Dysfunctional, vandalised toilets
Ramesh Aggarwal, Member Secretary, Rotary India WinS , said India has 1.47 million schools with 130 million children, and the challenge is that a vast majority as confronted with “dysfunctional, child-unfriendly and vandalised toilets, and lack of water and sanitation facilities.”
A grim reality is that today 600 million defecate in the open and six million children are out of schools. About 1.4 million children die before they turn 5. These are the consequences of not having proper water supply and sanitation facilities in our schools.
Aggarwal said not only do toilets have “poor designs which are not child friendly, hardly Rs 7,500–12,500 are allotted for operation and maintenance for a year and that includes repair of the school building! How are you going to maintain water and sanitation facilities with this meagre amount? Our role is not just building, our role is also advocacy, reaching out to governments, policy makers and influencing them to ensure that we have proper sanitation and hygiene facilities in schools.”
Creating community ownership
The crucial issue was to create a sense of ownership in the community and the teachers. The three core elements to make this programme “sustainable and successful are to engage and empower the students, professional management of the facilities and monitoring whether everything is functioning.”
UNICEF WASH specialist Mamita Bora Thakker said providing gender segregated toilets in schools was very important as it ensured that girls did not drop out at puberty. “If the girl child stays in school, the problem of early child marriage is addressed and once that is taken care of, she delivers healthy children.
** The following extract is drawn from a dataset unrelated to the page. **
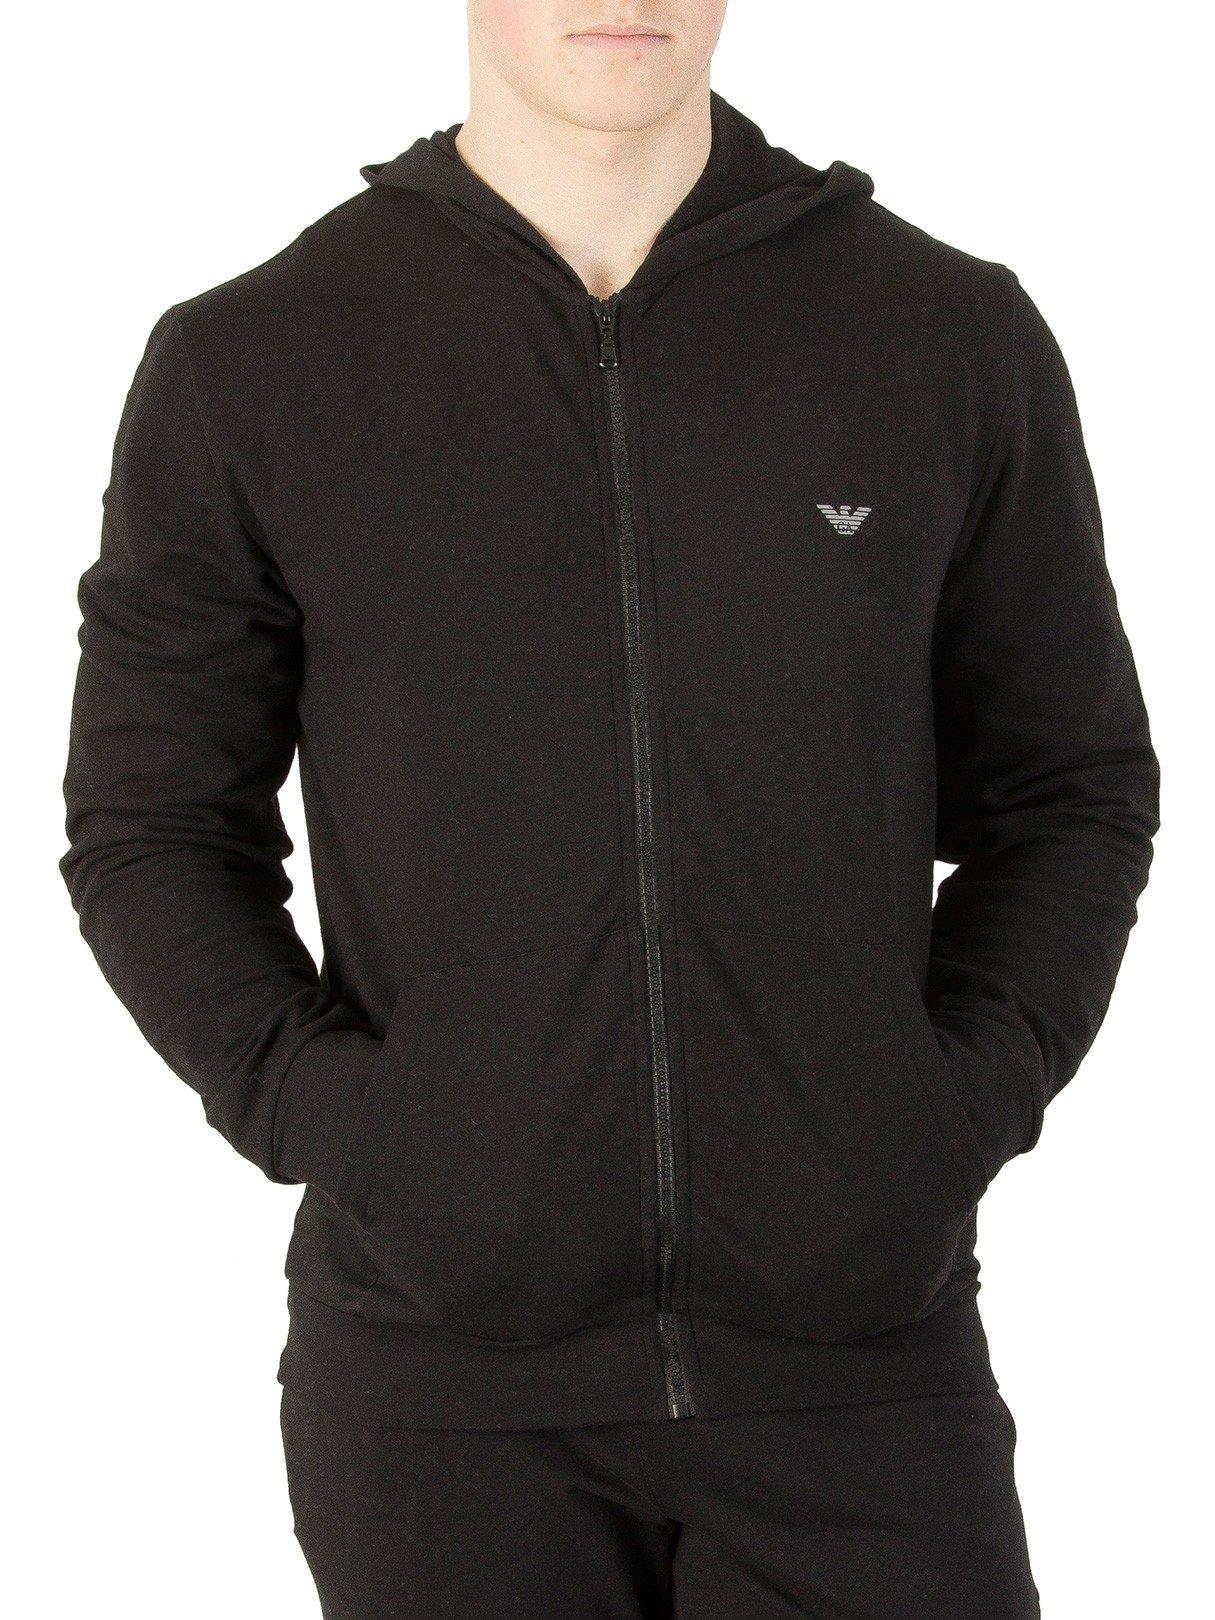 Emporio Armani Men's Logo Zip Hoodie, Black, Medium

So we are talking about a healthy generation.”
Pictures by Rasheeda Bhagat
From local to global
In a speech laced with humour, and regaling Rotary leaders at the WinS meet in Delhi on the kind of toil the top leadership has to carry out while serving the community, Union Minister of State for Culture and Tourism Dr Mahesh Sharma had the audience in splits. He said that he had met Ramesh Aggarwal at a Rotary function when he was DG. “Madam Ramesh was also with him. It was 9.30 or 10.30 pm, and they were talking about how he was going from this to that place; from shamshan ghat to toilet cleaning… and I thought that divorce tau pucca hei, aaj kal nahi tau do char saal me zuroor ho jayega. Lekin hua nahi. Ab Rameshji ki yeh halat thi, toh Sushilji (TRF Trustee Sushil Gupta), jo global ho gaye, unki kya halat hogi? (His divorce is certain, if not today, then after a few years. If this is Aggarwal’s plight, you can imagine the plight of Sushil Gupta, who is Global WinS Chair).